I’m not quite in the Spectator-Redditor-Tyler faction myself, but I don’t exactly love Bohemian Rhapsody. A little of what Freddie Mercury described as its “pompous flair” definitely goes a long way for me, and bits of it are borderline unlistenable to my ears – “Scaramouche, scaramouche, will you do the fandango” is nails down a blackboard. There’s also the not-insignificant factor of just having heard it too many times – at weddings and karaoke sessions (where it remains the most popular song to perform), on greatest No 1s countdown shows, and during late-night viewings of Wayne’s World. Still, in the overplayed song stakes it doesn’t feel as fatigued as, say, Mr Brightside; that’s despite Bohemian Rhapsody having a 28-year head start in overfamiliarity on the Killers’ indie disco staple.

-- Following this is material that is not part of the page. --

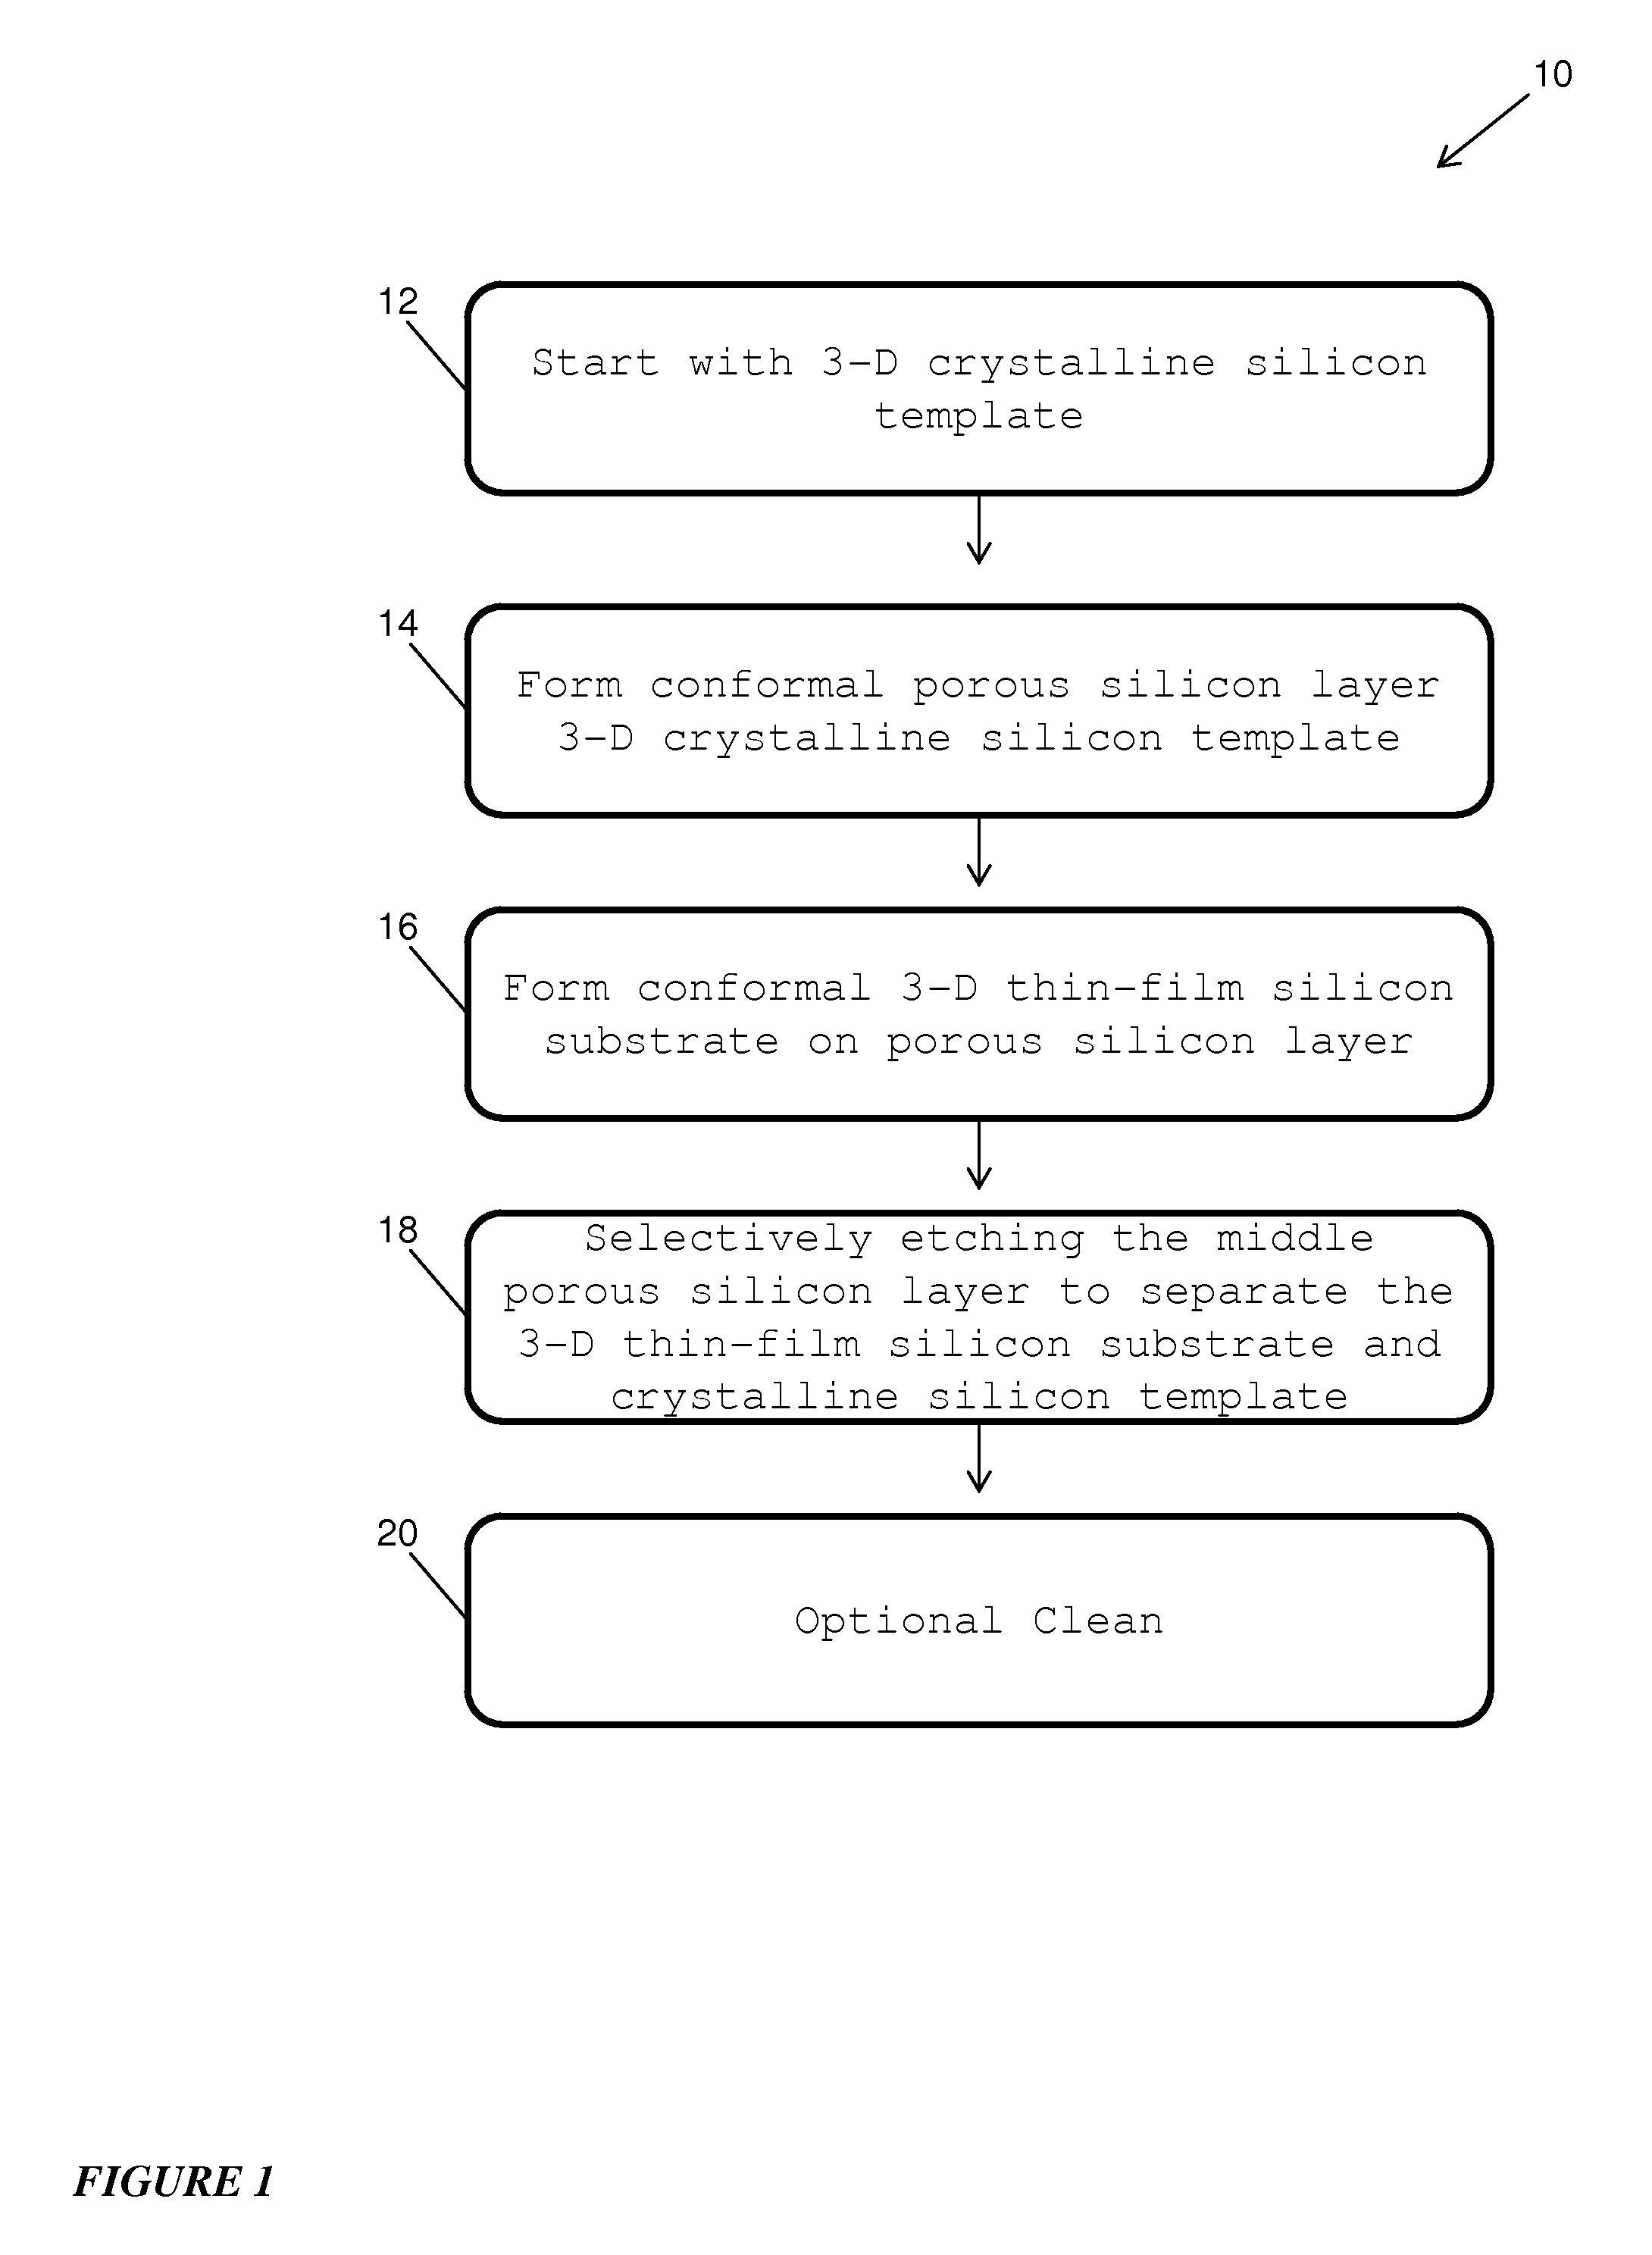 Method For Releasing a Thin-Film Substrate

It’s probably not a coincidence that Bohemian Rhapsody doesn’t sound as exhaustingly overplayed as some of the worst offenders. For all its familiarity, half a century on there’s still an aura of complexity and mystery to the song. That’s evident not just in the musicianship, all those multitracked, million-part harmonies, but of course in its lyrics, which Mercury never unpacked, even reportedly to his bandmates. “People should just listen to it, think about it, and then make up their own minds as to what it says to them,” Mercury suggested, and into that vacuum interpretations have poured.
Who is the man with the gun against his head, and who is the person pulling the trigger? Is it, as widely believed, Mercury coming to terms with his sexuality by killing his old, more straight-seeming self? (I’m intrigued by the theory that it’s actually a tribute to Herschel Grynszpan, the gay Jewish teen whose assassination of a German diplomat was used as a pretext for the events of Kristallnacht – though I’ve not seen that suggested anywhere else.) And what about that pomp rock middle section? Is there a meaning to the flurry of Gallileos and Figaros and fandangos, or is it just gibberish to facilitate the “tongue-in-cheek and mock-opera” feel Mercury said he was striving for? Or both?
It’s a song that has inspired endless fascination: just look at its Wikipedia page, with its hundreds of citations and footnotes. And, of course, it has inspired endless musicians too – though not in a conventional way. For all its uniqueness, Bohemian Rhapsody didn’t really usher in a new sound or genre: in fact, it represents the last knockings of one, prog rock, before it was washed away by the coming tide of punk. But instead Bohemian Rhapsody invented its own subcategory of song, a multipronged showstopper that could be replicated across genres and generations.
Today, as it nears the 3bn mark on Spotify and the 2bn mark on YouTube, it’s hard to imagine Bohemian Rhapsody ever fading into obscurity. In its singular strangeness, it feels future-proof. It’s walled off from changing tastes and genres, destined to be sung on hen dos and karaoke nights for decades to come, the unknowable song that everyone knows.